In an age when you can find your potential partner with just a swipe on an app, why are so many people still single and searching? Finding a mate is easy, but finding love is hard. And as we all know, relationships don’t always work out. But why are so many couples breaking up after being together for 1 to 2 years? Is it all due to incompatibility? In a study done by psychologist John M. Gottman, he found that couples who stay together for over 6 years do this 86% of the time, and couples who don’t only do it 33% of the time.

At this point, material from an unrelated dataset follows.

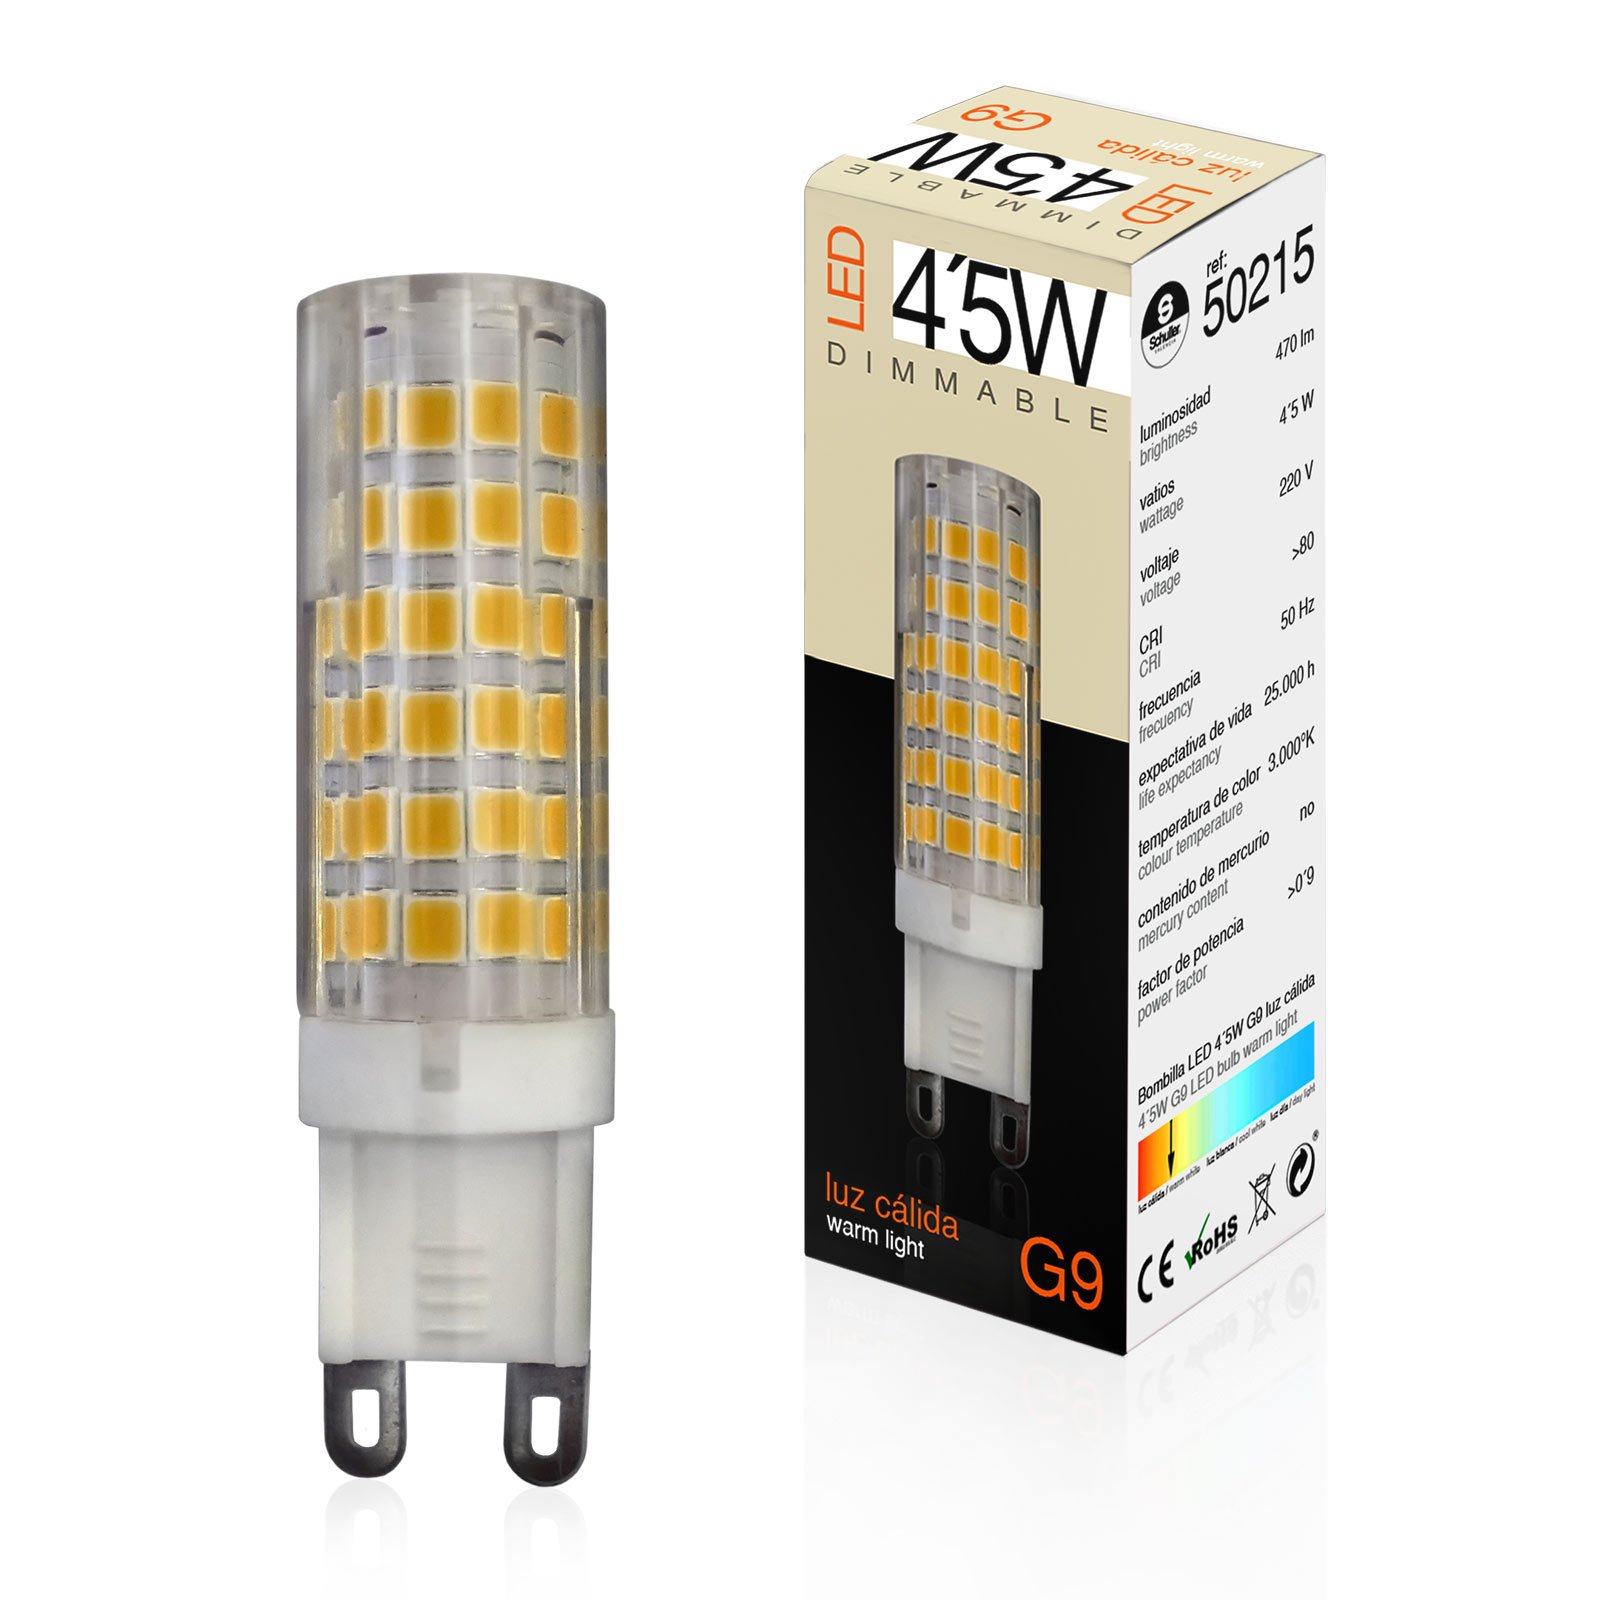 LED stiftlamp G9 4,5W 3.000K dimbaar

Sounds intriguing, right? While it would be nice if it was just something you could do that would magically make all your relationship problems go away, like all relationships, it requires work. The habit in question is called “Turning Towards”. This can be physically turning towards your partner, or turning towards “bids for connection”.
Turning Towards… What?
To keep it simple, “Turning Towards” means acknowledging when your partner is talking to you, or responding in some way to show that you heard what they’re saying to you. It comes in different ways, and it could be when you hear them saying “ouch!” because they hurt themselves, asking them if they’re OK, or just any simple acknowledgement that they spoke to you and trying to connect to you. It means reciprocating their attempts at affection.
However, it can mean different things for different people. For some, it can mean engaging with them when they’re talking about their hobbies. By doing this, you show your partner that you respect what they have to say, and it’s important to you that they receive a response. Turning towards essentially shows your partner that you care, and that their feelings are reciprocated.
What Does “Turning Away” Look Like?
In contrast with turning towards, turning away occurs when one partner tries to make a connection and the other does not accept it. Just like turning towards, turning away can happen in different ways. To give an example, one partner might try to start up a conversation by asking their partner about their day, but the partner shuts it down with a one-word answer; or one partner might initiate physical intimacy while the other does not respond.
Unsurprisingly, these small instances build up, and it will slowly chip away at the relationship. Partners whose bids of connection are consistently not accepted are much less likely to do it again due to the feeling of rejection. When one person stops reaching out for connection, it can have a negative impact on the relationship.
It’s Not Just For Romantic Relationships
While the research was based on romantic relationships, it applies to all kinds of relationships. Let’s say you’re hanging out with a friend, and you want to talk about your new job that you just got, but instead of being genuinely interested in what you have to say, and asking questions like “how’s the environment?”, “how are your coworkers?”, they reply with something short that immediately shuts down the conversation.
You’d probably feel a bit rejected because you’re attempting to bond with someone about a topic you’d think might be interesting to them, but instead you’re met with something like “Yeah, whatever.” Unfortunately, people do this ALL the time! They do it to their kids, their grandparents, their friends, etc., and it’s only a matter of time until it affects those relationships!
The Bottom Line
Look, nobody’s perfect, and no one is expected to be the most attentive person to their partner at all times. However, if you find yourself turning away in situations, it might be time for you to practice “turning towards” in ALL your relationships. The more often you do it, chances are, you’ll be in the 86% of long lasting relationships.
On the other hand, if there’s someone in your life who’s constantly turning away from your “bids for connection”, it may be time to start talking to them about it, or thinking about removing yourself from the situation before the hurt and resentment starts to build up. There’s only so many times a person can “turn away” until the other person decides that they’ve had enough of it.